Tribes of eastern India

The Kol people referred to a group of tribal communities of Chotanagpur in eastern parts of India. Historically, the Mundas, Santhal, Ho, and Bhumijs were called Kols by the British.

It also refers to some tribes and castes of south-east Uttar Pradesh, Madhya Pradesh and Maharashtra. They are mostly indigenous people and dependent on forest produce to make a living, and they have their own land. The caste has several exogamous clans, including the Bhil, Chero, Monasi, Rautia, Raut, Gauthiya Rojaboria, kol-teli‚ Rautel and Thakuria. They speak the Baghelkhandi dialect. Around 1 million lives in Madhya Pradesh while another 5 lakh lives in Uttar Pradesh.

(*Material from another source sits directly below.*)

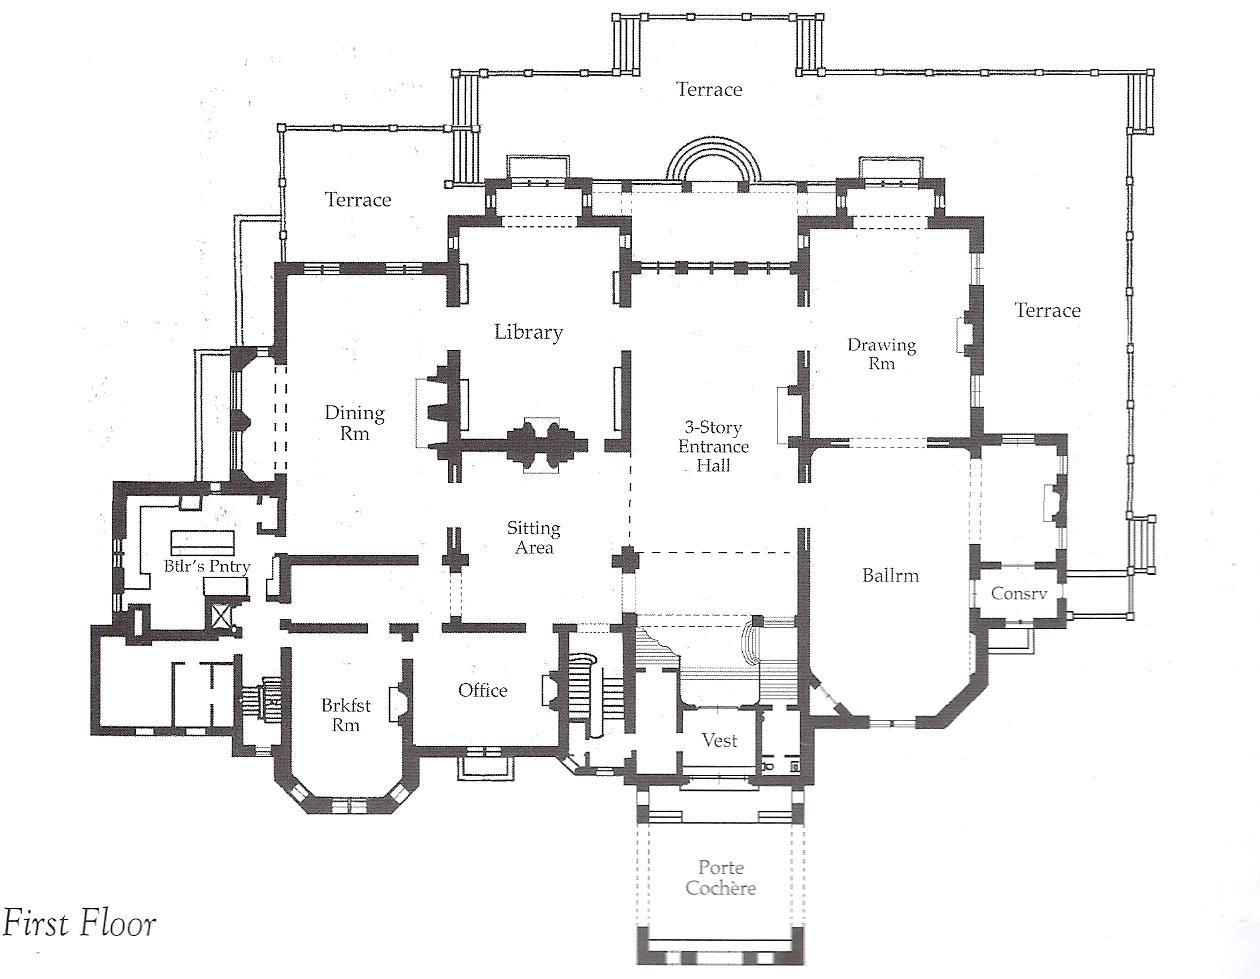 Mansion Floor Plans With Secret Passages Schmidt Gallery

Once spelled "Kole", the swaths of land they inhabited in the 19th-century were called "Kolean".

==Etymology==
Kol was generic term for non-Aryan people in Chotanagpur such as Oraon and Munda. The term Kola mentioned in Rigveda. According to legend, Yayati, the son of Nahus divided his kingdom for his five sons. Then after ten generation, India was divided among four brothers; Pandya, Krala, Kola and Chola.

==History==
Colonel Edward Tuite Dalton referred to non-Aryan Kolarian and Dravidian tribals of Chotanagpur as Kol such as Munda, Oraon, Ho, Santal, Bhumij, Juang etc. in his writings in 1867. According to him, the word is epithets of abuse applied by the Brahmin races to the aboriginals who opposed their settlements. In Chotanagpur, the term kol generally applied to Munda and Oraon. Oraon and Munda celebrate the same festivals, but they don't intermarry among themselves.

Later, Colonel Dalton classified Oraon as Dravidian and Munda, along with other Kols such as Ho, Bhumij as Kolarian after observing their customs and traditions which were distinct.